Yıkılan binaların enkazlarını dolaşıyordum.
Arama kurtarma çalışmaları tamamlanmıştı.
Enkazın birinde yıkıntıların ortasında ağlayan bir kadın gördüm.
Yanına yaklaştım.
Elinde bir fotoğraf albümü tutuyordu.
Albüme bakıp ağlıyordu.
Göğsüne bastırıyor, gözyaşları içinde fotoğraflara öpücükler konduruyordu.
Zorlanarak hayatımın en zor röportajlarından birini yaptım.
Üstünde bulunduğumuz enkaz kadının eviydi.
Kendisi enkaz altından çıkmıştı.
Eşi ve 3 çocuğundan ikisi o enkazda hayatını kaybetmişti.
Enkazda dolaşırken yıkıntılar arasında aile albümünü bulmuştu.
Elinde tuttuğu fotoğraf albümü o albümdü.
Ve o albüm onun en değerli hazinesiydi.
Sıkı sıkı sarılması da o yüzdendi.
Hüzünle yoğrulmuş tarifsiz bir sevgiyle birlikte sıkı sıkı tutuyordu.
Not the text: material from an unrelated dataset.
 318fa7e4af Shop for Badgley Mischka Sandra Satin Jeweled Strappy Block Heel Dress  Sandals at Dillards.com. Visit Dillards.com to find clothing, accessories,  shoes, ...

Biliyordu ki o albüm olmasa kaybettiği eşi ve iki çocuğunun yüzü zamanla silikleşecekti.
Hatıralarda hayal meyal görüntülere dönüşeceklerdi belki de…
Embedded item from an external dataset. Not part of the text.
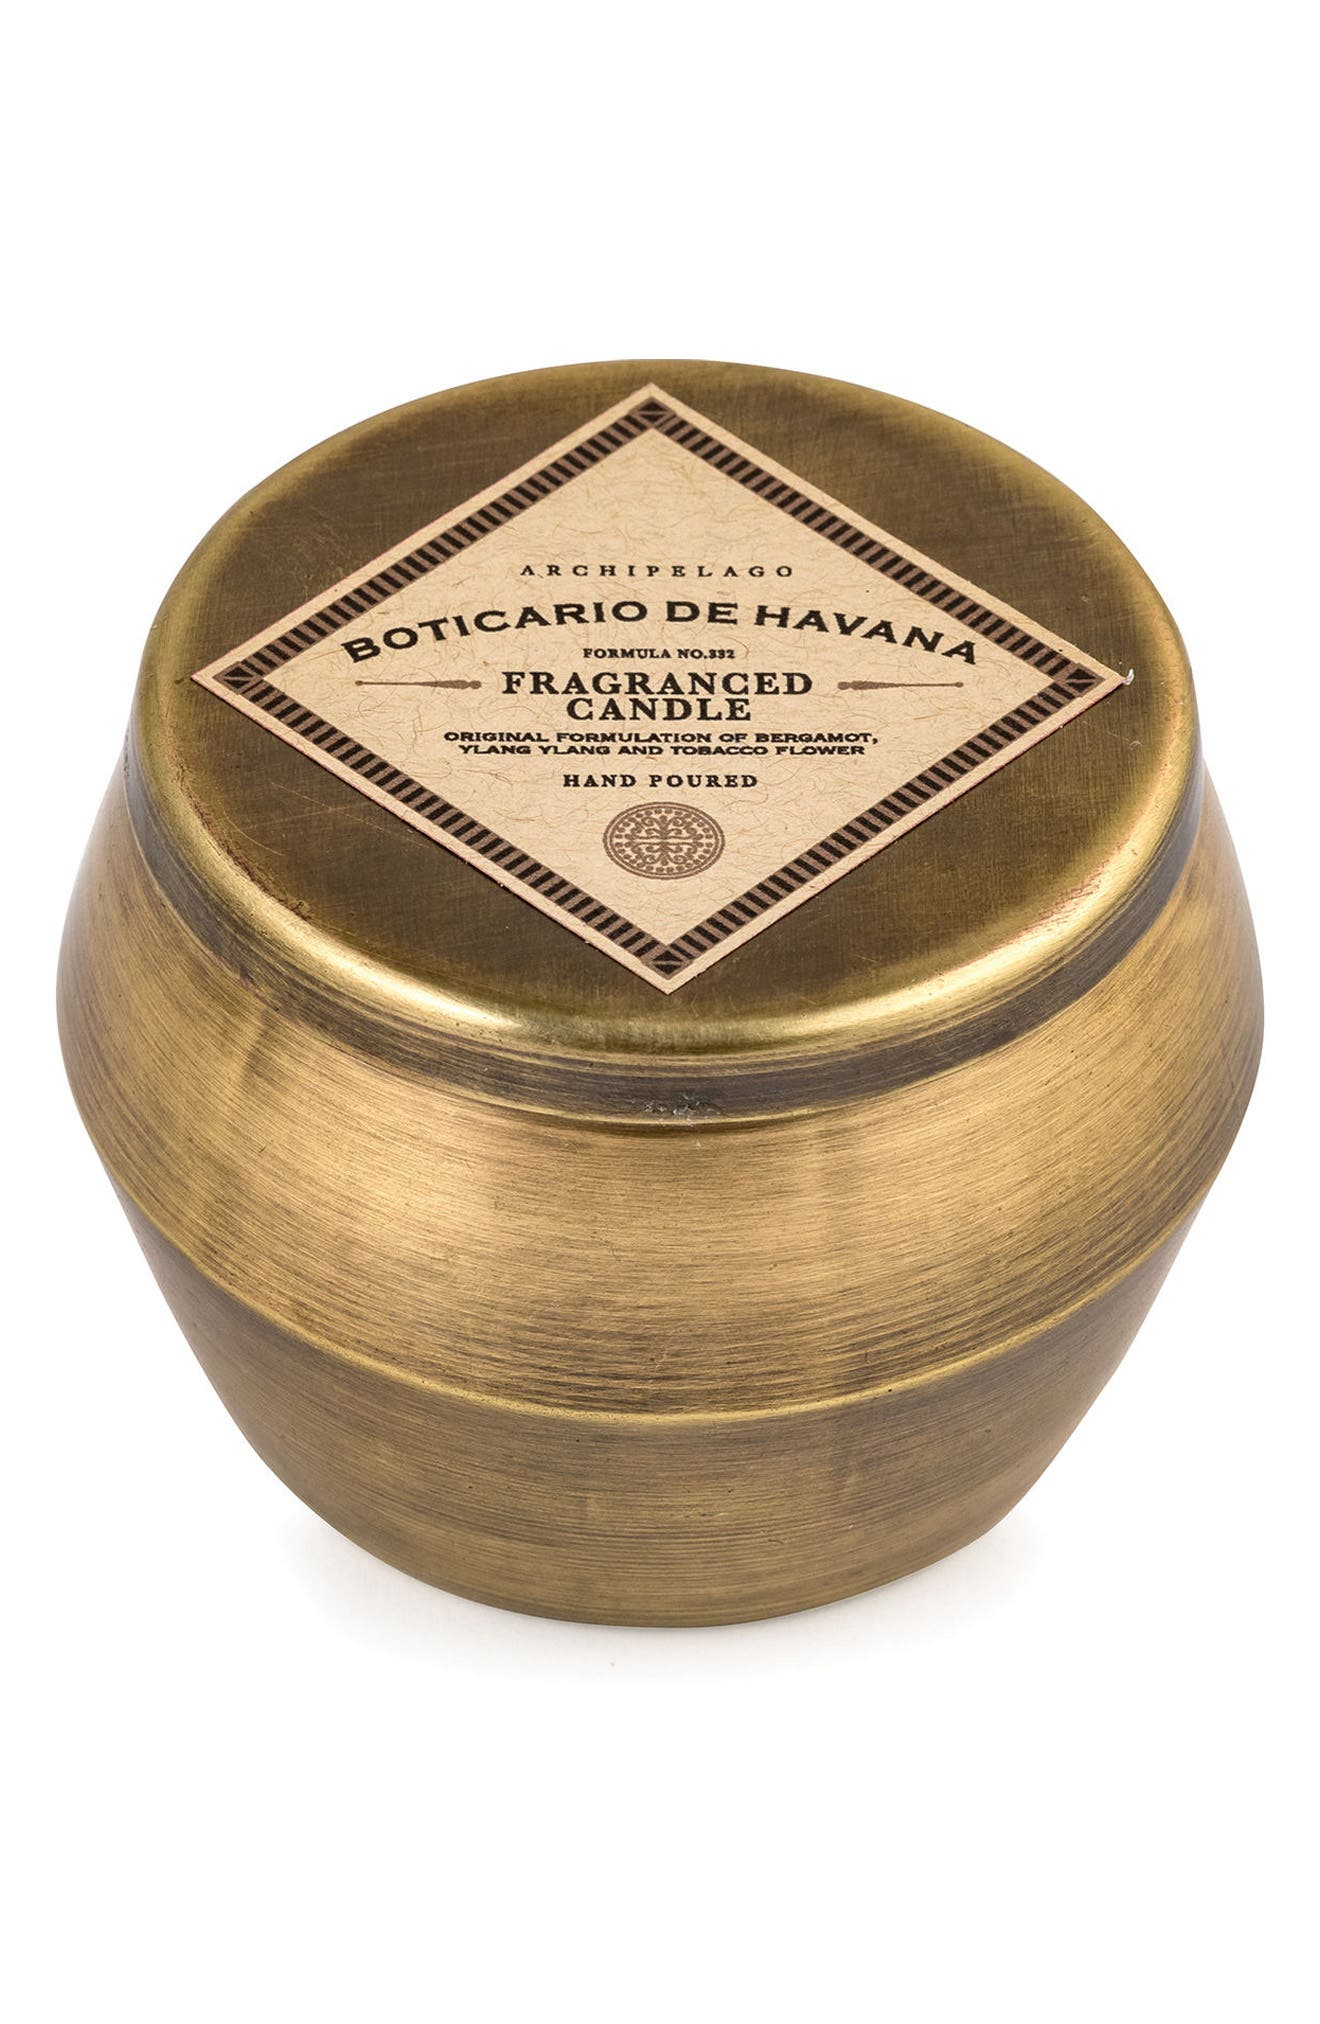 Main Image - Archipelago Botanicals Botanico de Havana Scented Tin Candle

O yüzden albümdeki fotoğrafları hiç bir paranın satın alamayacağı kadar değerliydi.
O fotoğraflar onları geleceğe taşıyacaktı.
Kadın var oldukça onlar da hiç yaşlanmayan yüzleri ve mutlu anlardaki görüntüleriyle yaşayacaklardı.
Yüzleri kadının belleğinde hep canlı kalacaktı.
Hiç unutulmayacaklardı.
Ne kendileri ne hatıraları…
Fotoğrafın gücünü işte o an anladım.
Zamanı durduran ve geleceğe taşıyan bir sihirdi bu.
O günden sonra eski fotoğrafları hayatın resimleri olarak görürüm.
O fotoğrafların bulunduğu albümleri de değerli eşya olarak evin en özel yerinde korurum…
O zamandan bu zamana hayat değişti.
Elbette yaşantılarımız da.
Değişen onca şeye rağmen fotoğrafın gücü ve sihri aynı kaldı.
Sadece fotoğraf albümlerinin şekli ve yerleri değişti.
Dijitalleşen hayatta fotoğraf albümleri ya bilgisayar ekranlarına ya da cep telefonlarının belleklerine taşınmaya başladı.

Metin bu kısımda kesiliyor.